A study led by scientists from the University of São Paulo (USP) in Brazil provides fundamental results to guide effective mitigation and adaptation strategies. These are the target themes of the United Nations Climate Conference (COP30), which is scheduled for November in the Amazonian metropolis of Belém, in the state of Pará, Brazil. The results of the study are included in the latest issue of Nature Communications and will be featured on its cover.
Using parametric statistical models, they unraveled the effects of forest loss and changes in temperature, precipitation, and greenhouse gas mixing rates.
Rainfall decreased by approximately 21 mm per year during the dry season, with deforestation contributing to a 15.8 mm decrease. The maximum temperature increased by about 2.0 °C, of which 16.5% was attributed to forest loss and the remainder to global climate change.
“Several scientific articles on the Amazon have already shown that the temperature is higher, that rainfall has decreased, and that the dry season has increased, but there was still no separation between the effect of climate change, caused mainly by pollution from countries in the Northern Hemisphere, and deforestation caused by Brazil itself. Through this study, we were able to separate and weigh each of these components, practically showing a kind of ‘account payable,’” summarizes Professor Luiz Augusto Toledo Machado.
Machado, a researcher at the University of São Paulo’s Physics Institute (IF-USP) and a collaborator at the Max Planck Institute’s Department of Chemistry in Germany, tells Agência FAPESP that the results underscore the importance of preserving standing forests to maintain climate resilience.
Research has shown that the impact of deforestation is most intense in the early stages. The greatest changes in the local climate occur when 10% to 40% of the forest is lost.
“The effects of the changes, especially in temperature and precipitation, are much more significant in the first few percent of deforestation. In other words, we have to preserve the forest; that’s very clear. We can’t transform it into something else, such as pastureland. If there’s any type of exploitation, it needs to be sustainable,” adds Professor Marco Aurélio Franco, from the Institute of Astronomy, Geophysics, and Atmospheric Sciences (IAG) at USP.
Franco is the first author of the article and received a postdoctoral fellowship from FAPESP, which also supported the work through another grant (21/12954-5) from the Research Center for Greenhouse Gas Innovation (20/15230–5) and the Research Program on Global Climate Change – RPGCC (22/07974-0).
The project supported by the RPGCC is being developed in partnership with the Chinese Academy of Sciences. One of the overseas leaders and authors of the work is researcher Xiyan Xu.

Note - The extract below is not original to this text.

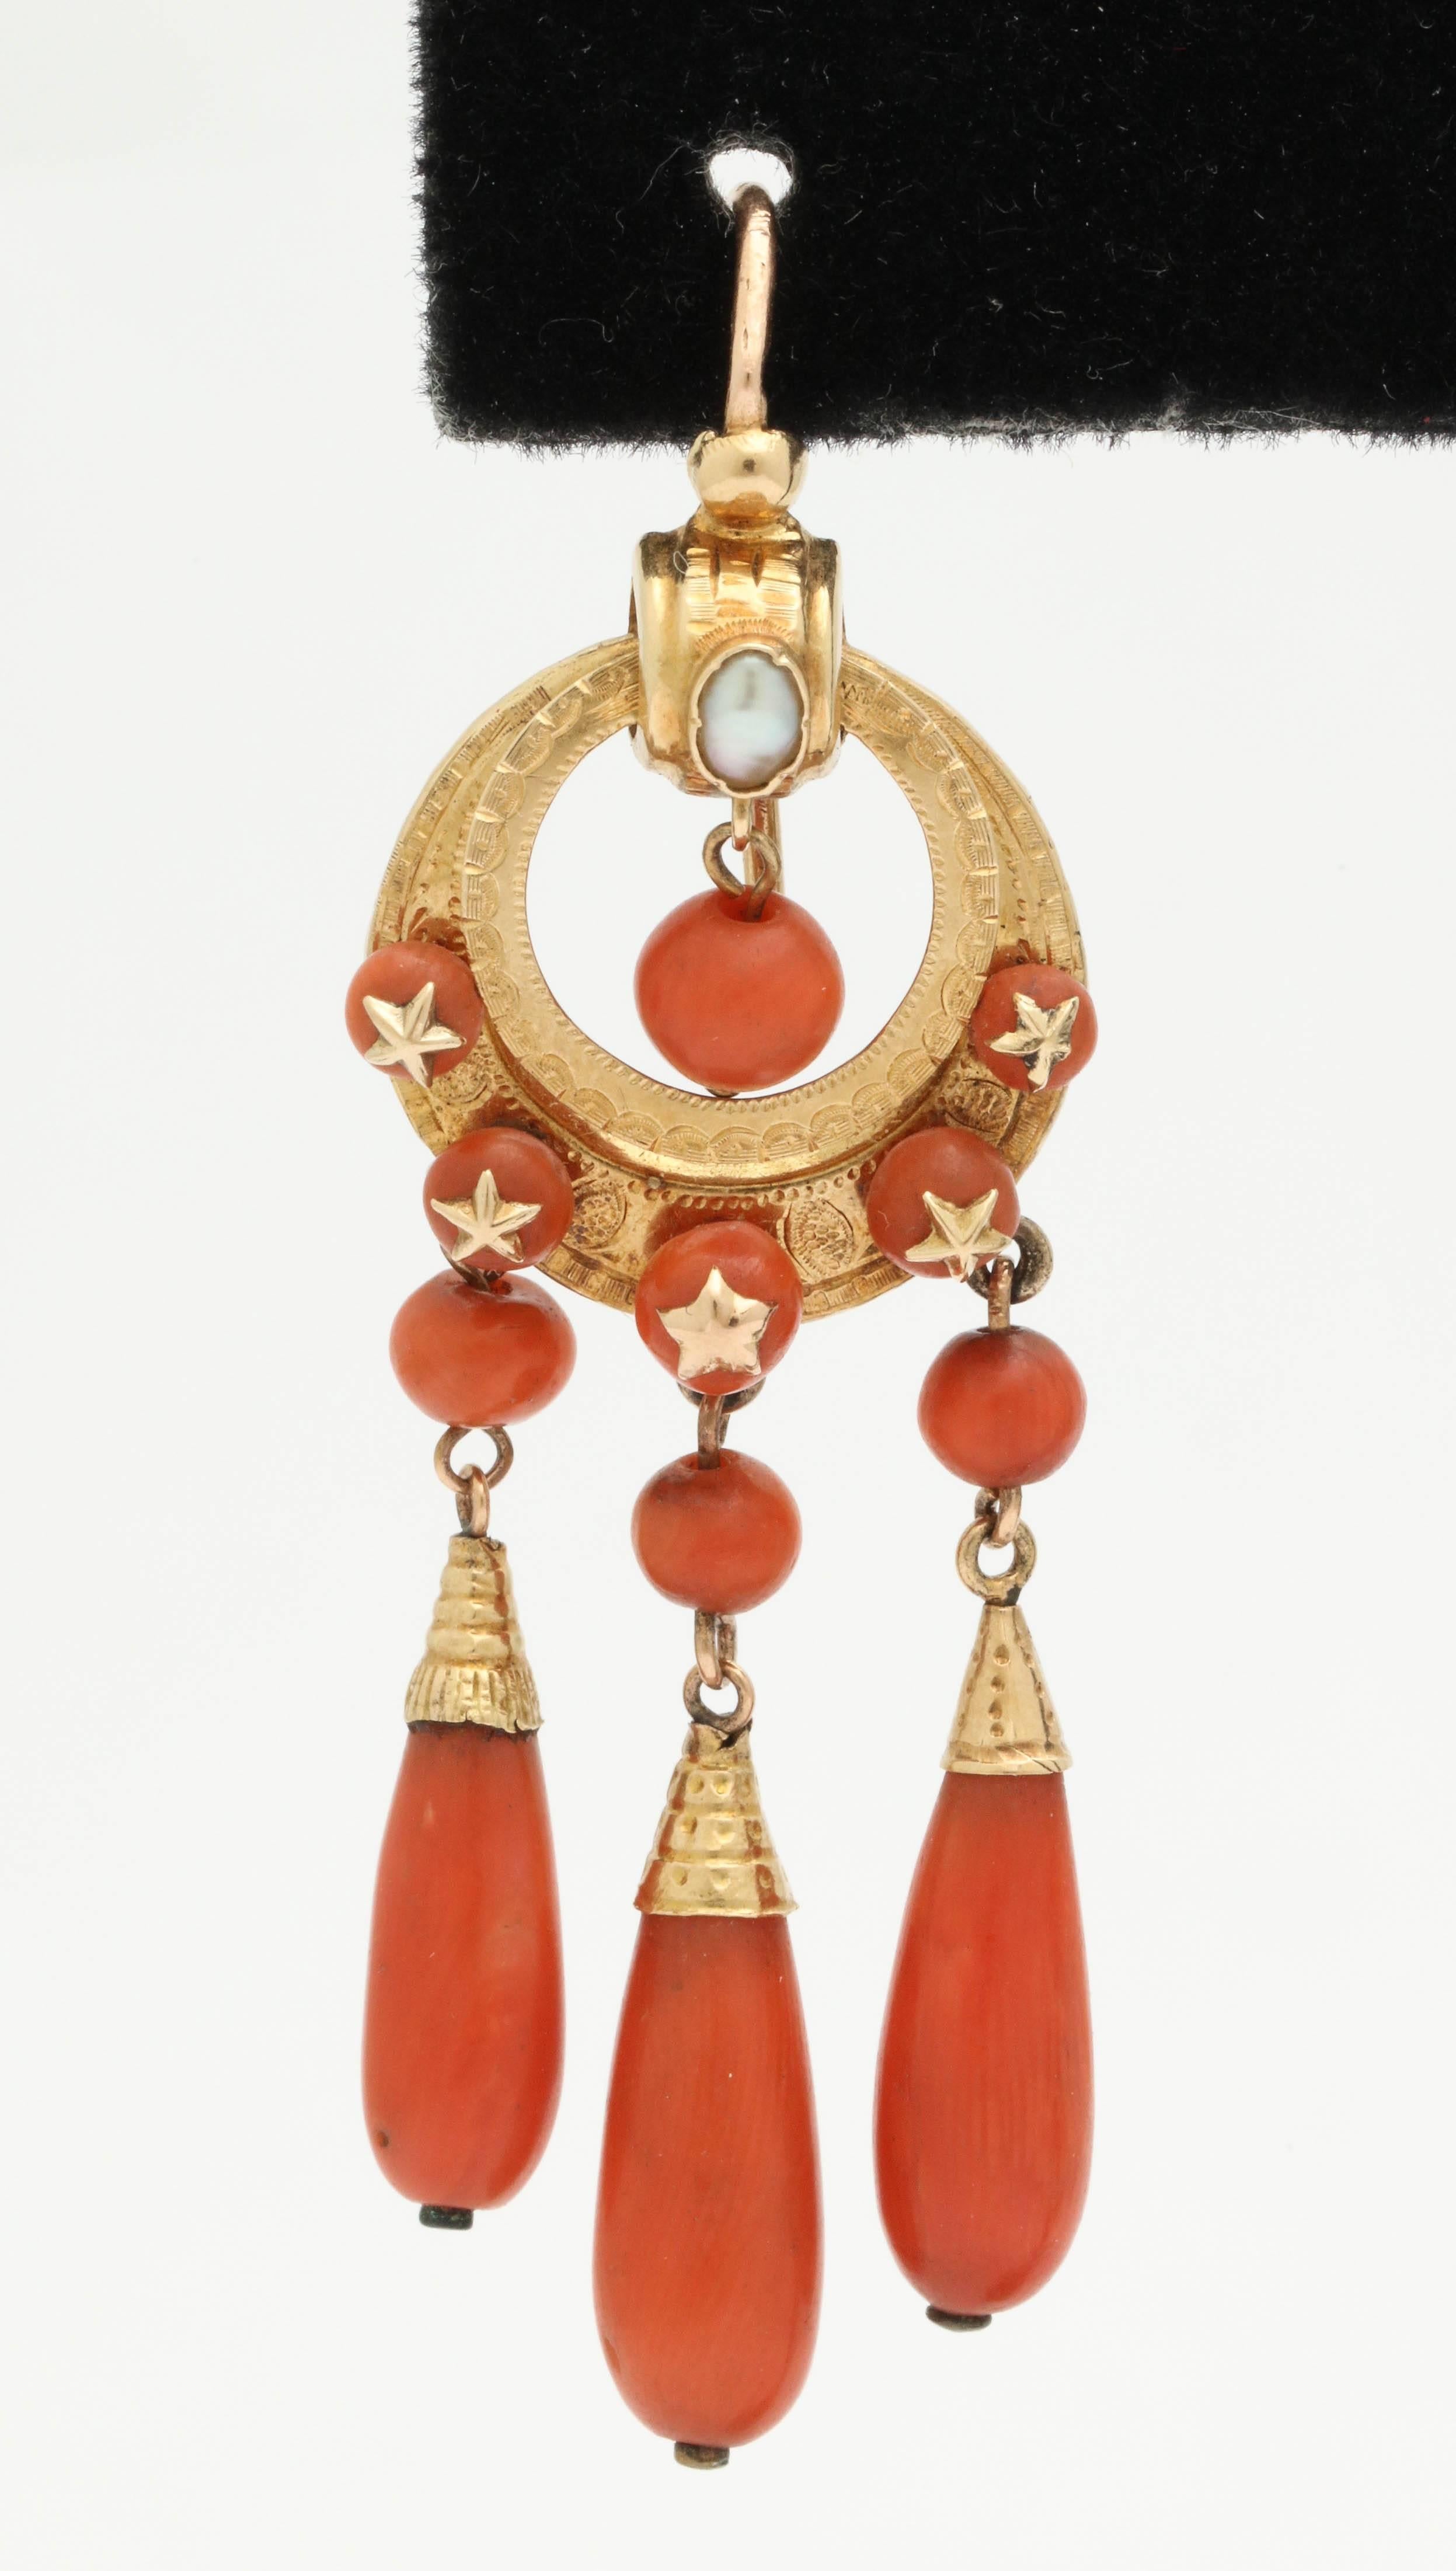 14kt Yellow Gold Fringe Drop Dangle Earrings Designed With 6 Tear-Drop Shaped Coral Stones And 18 Round Cut Coral Pieces in Which 10 Coral Pieces Are Beautifully Designed With 14kt Yellow Gold Star motifs.Made In The Victorian Era In the United

Sensitive ecosystem balance
As the largest and most biodiverse tropical forest in the world, the Amazon plays an important role in regulating the global climate. For example, it is responsible for the so-called “flying rivers” – invisible waterways that circulate through the atmosphere and supply other biomes, such as the Brazilian savanna-like biome, known as the Cerrado. Trees draw water from the soil through their roots, transport it to their leaves, and release it into the atmosphere as vapor.
At the end of last year, an international group of researchers, including Machado and Professor Paulo Artaxo, also from the USP Physics Institute, published a study in Nature. The study showed the physical-chemical mechanism that explains the complex system of rain formation in the biome for the first time. This mechanism involves the production of aerosol nanoparticles, electrical discharges, and chemical reactions at high altitudes between night and day. The result is a kind of aerosol “machine” that produces clouds (read more at https://agencia.fapesp.br/54089).
However, deforestation and forest degradation contribute to altering this rainfall cycle, intensifying the dry season locally and increasing forest fire periods. According to data from MapBiomas, a collaborative network formed by non-governmental organizations, universities, and technology startups that maps land cover and land use in Brazil, the Brazilian Amazon lost 14% of its native vegetation between 1985 and 2023, reaching an area of 553,000 km² – equivalent to the territory of France. Pasture conversion was the main cause during this period. Despite deforestation reaching its second lowest level between August 2024 and July 2025 – an area of 4,495 km² – containing degradation, especially that caused by fire, remains challenging.
The dry season, which occurs between June and November, is when the effects of deforestation are most noticeable, particularly on rainfall. The cumulative effects further intensify seasonality.
Unraveling the data
To reach their conclusions, the scientists used parametric surface equations that considered both annual variations and deforestation. These equations enabled them to distinguish the unique contributions of global climate change and vegetation loss. They also used remote sensing data sets and long-term reanalyses, including land use classifications produced by MapBiomas.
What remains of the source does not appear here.